"""

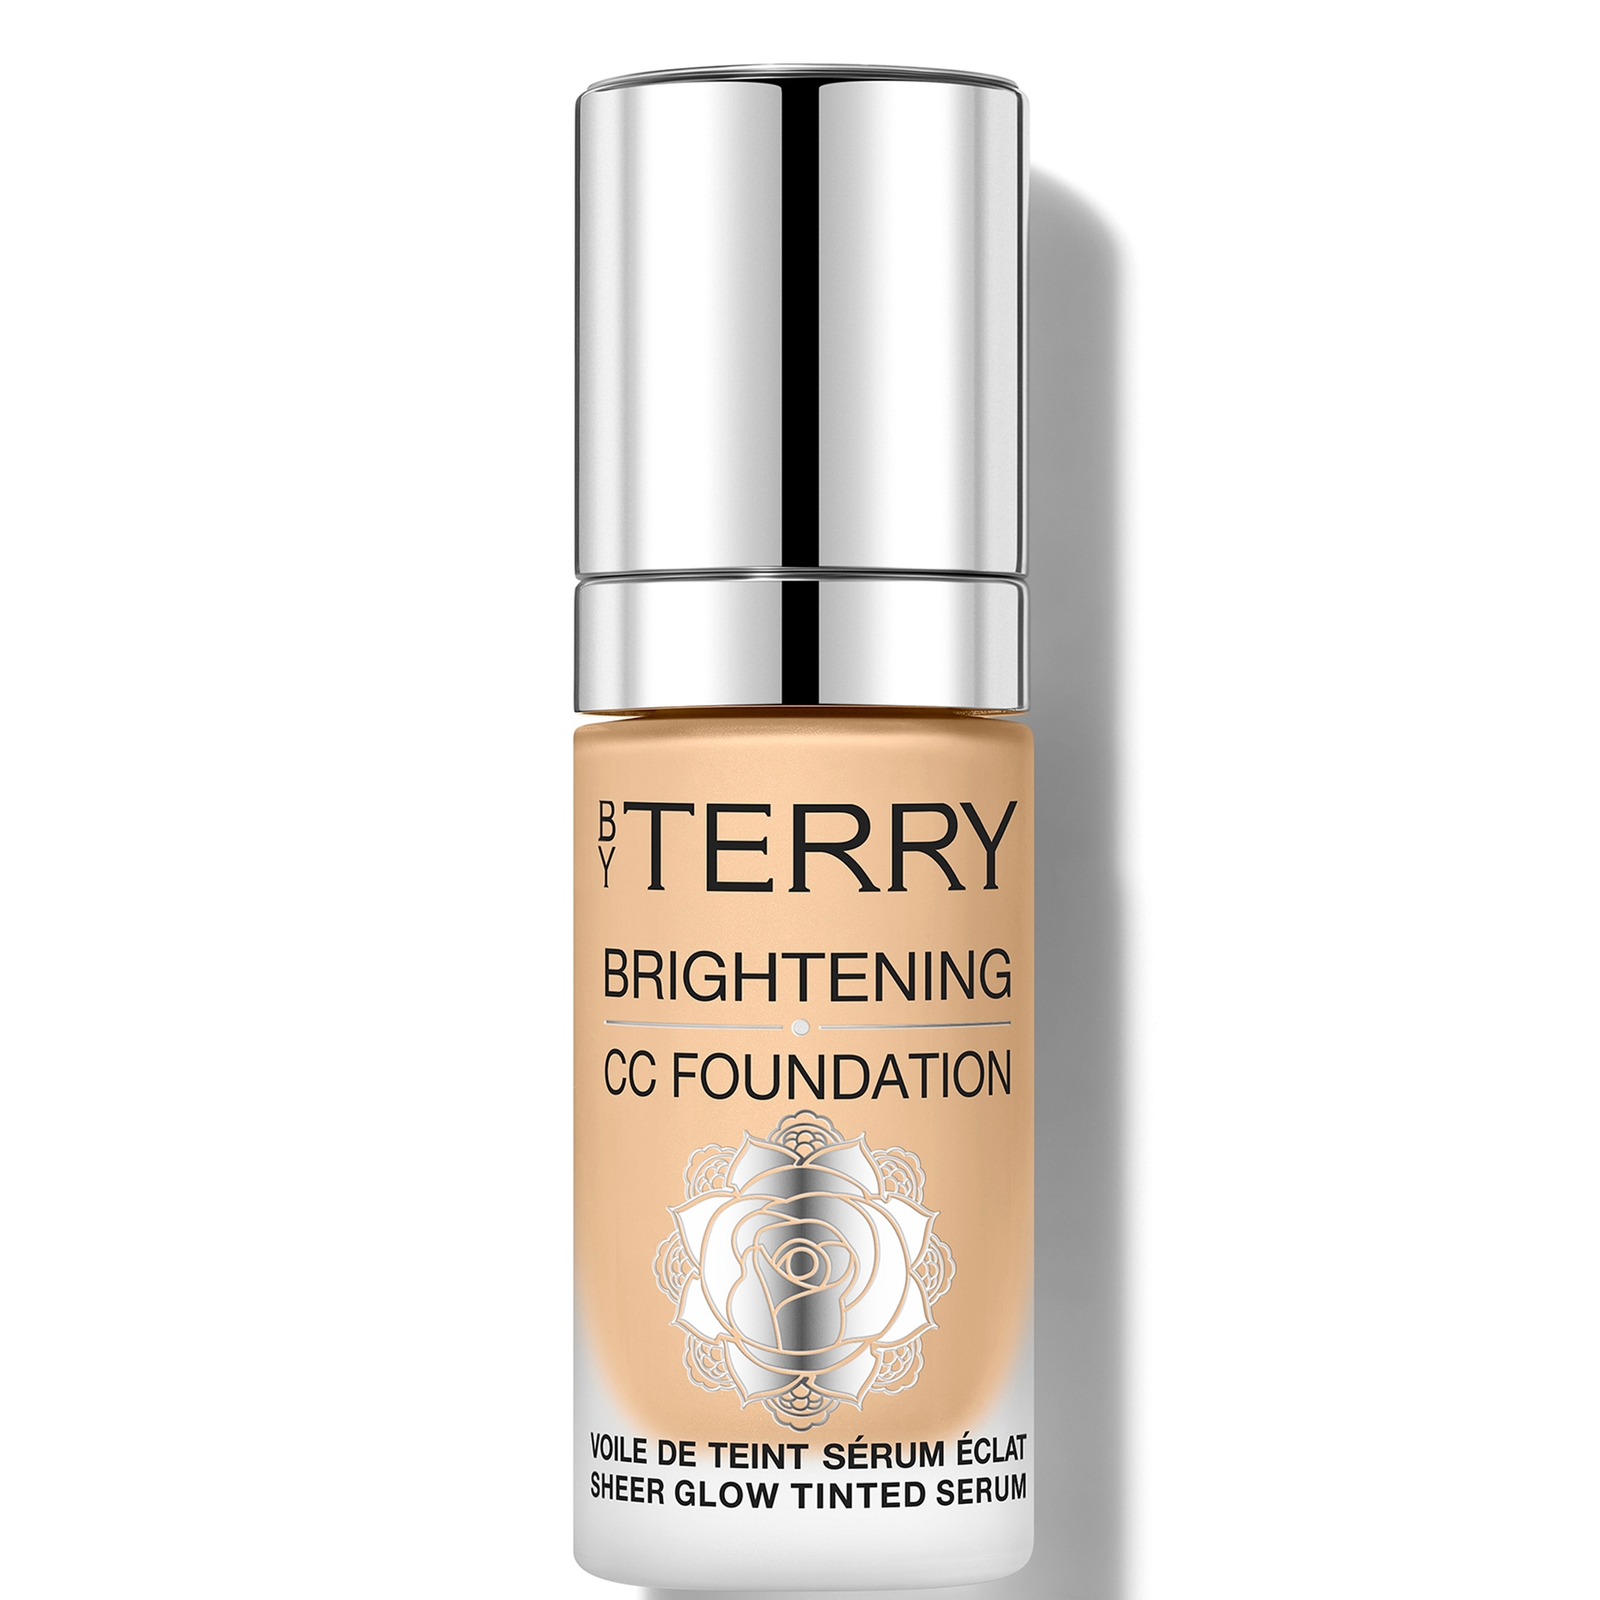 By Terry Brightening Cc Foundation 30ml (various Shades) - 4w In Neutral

"""
"""

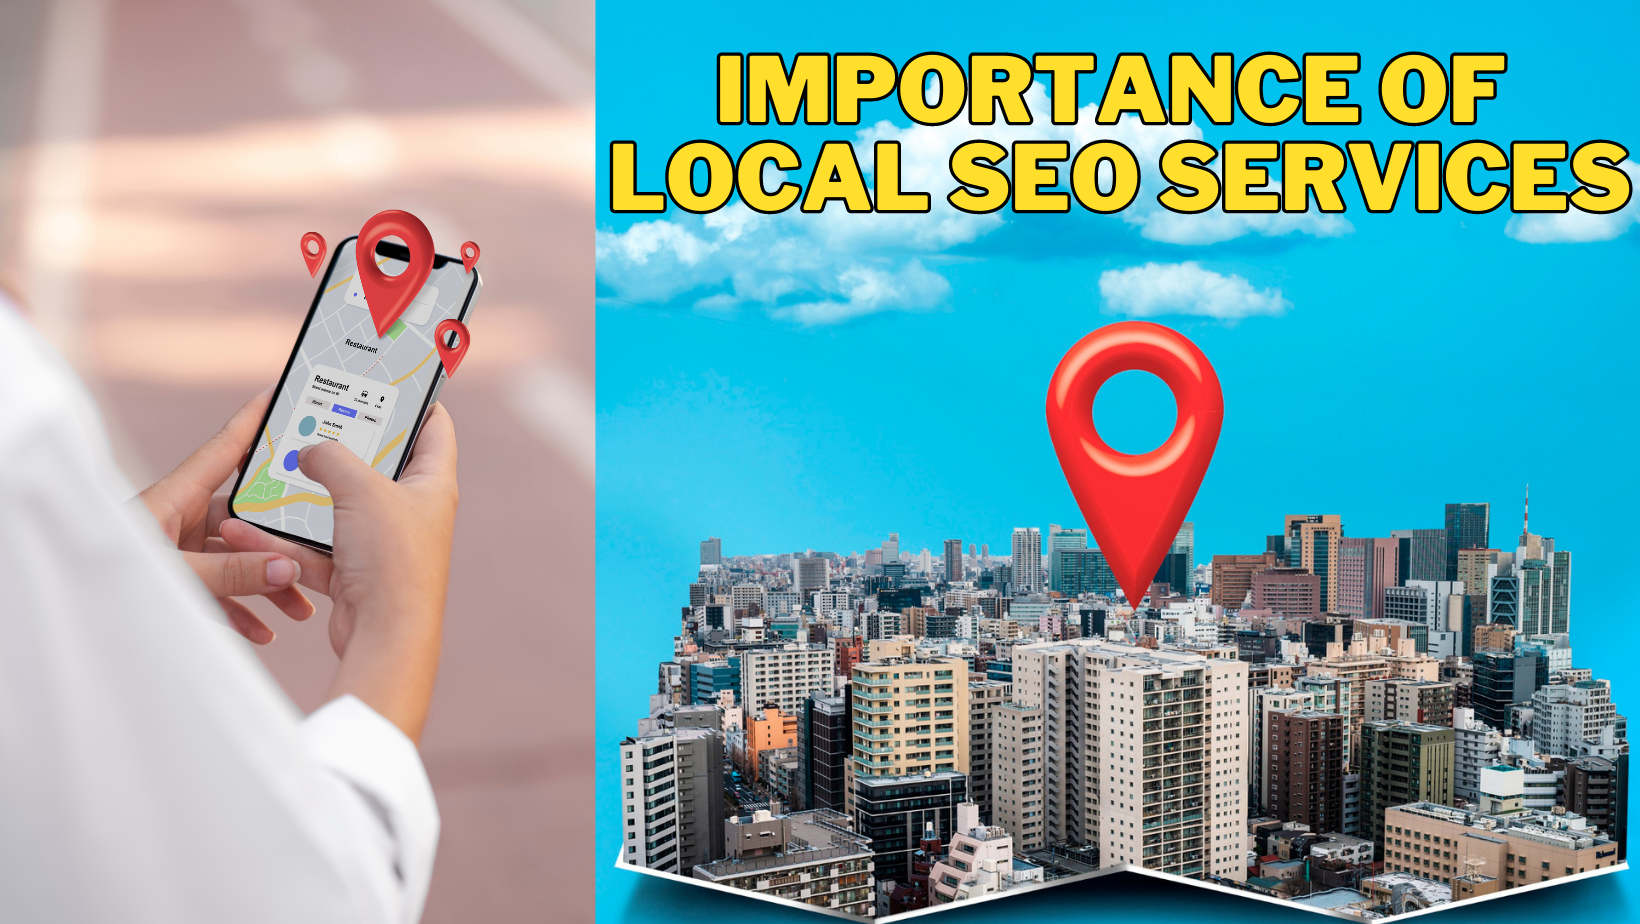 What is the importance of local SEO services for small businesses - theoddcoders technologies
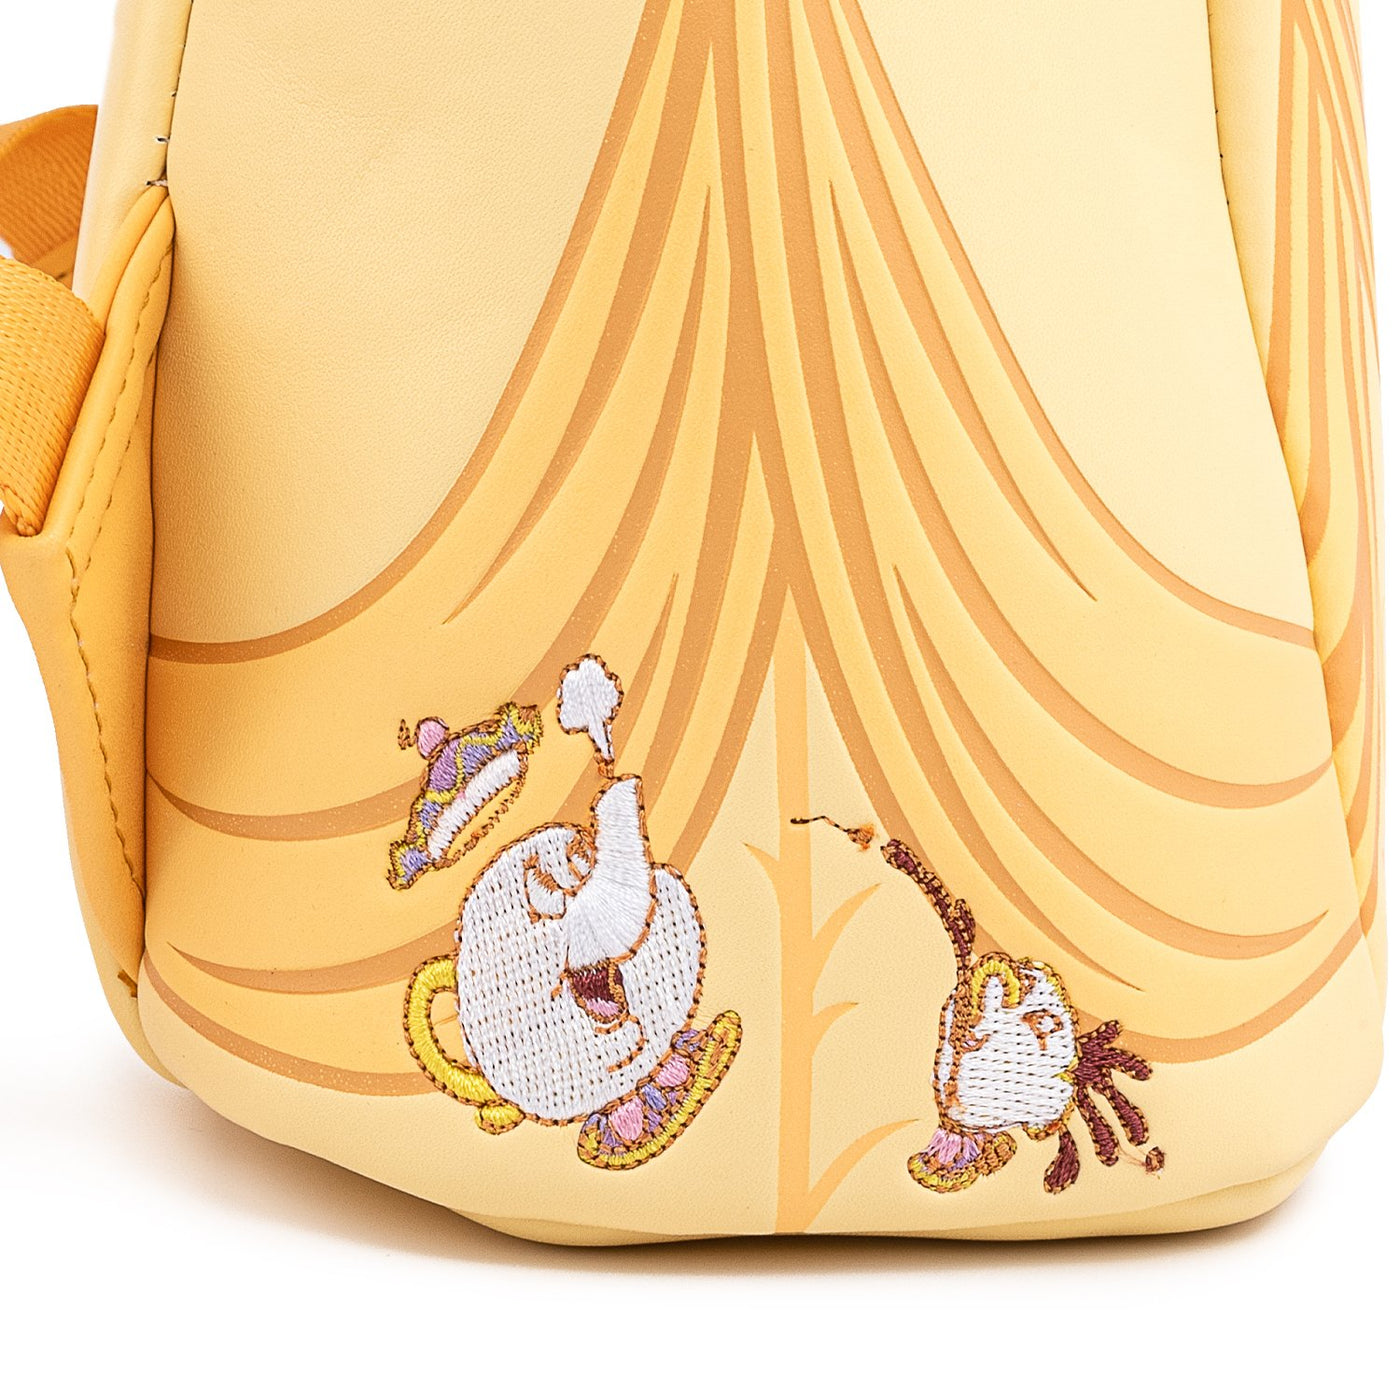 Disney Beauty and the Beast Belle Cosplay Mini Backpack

"""

Transcribe, word for word, the lines of the listing above from the one that contains "What is the" through the one that contains "Disney Beauty and", keeping both ends and dropping the pictures.

### PROBLEM SOLUTION
 What is the importance of local SEO services for small businesses - theoddcoders technologies
 Disney Beauty and the Beast Belle Cosplay Mini Backpack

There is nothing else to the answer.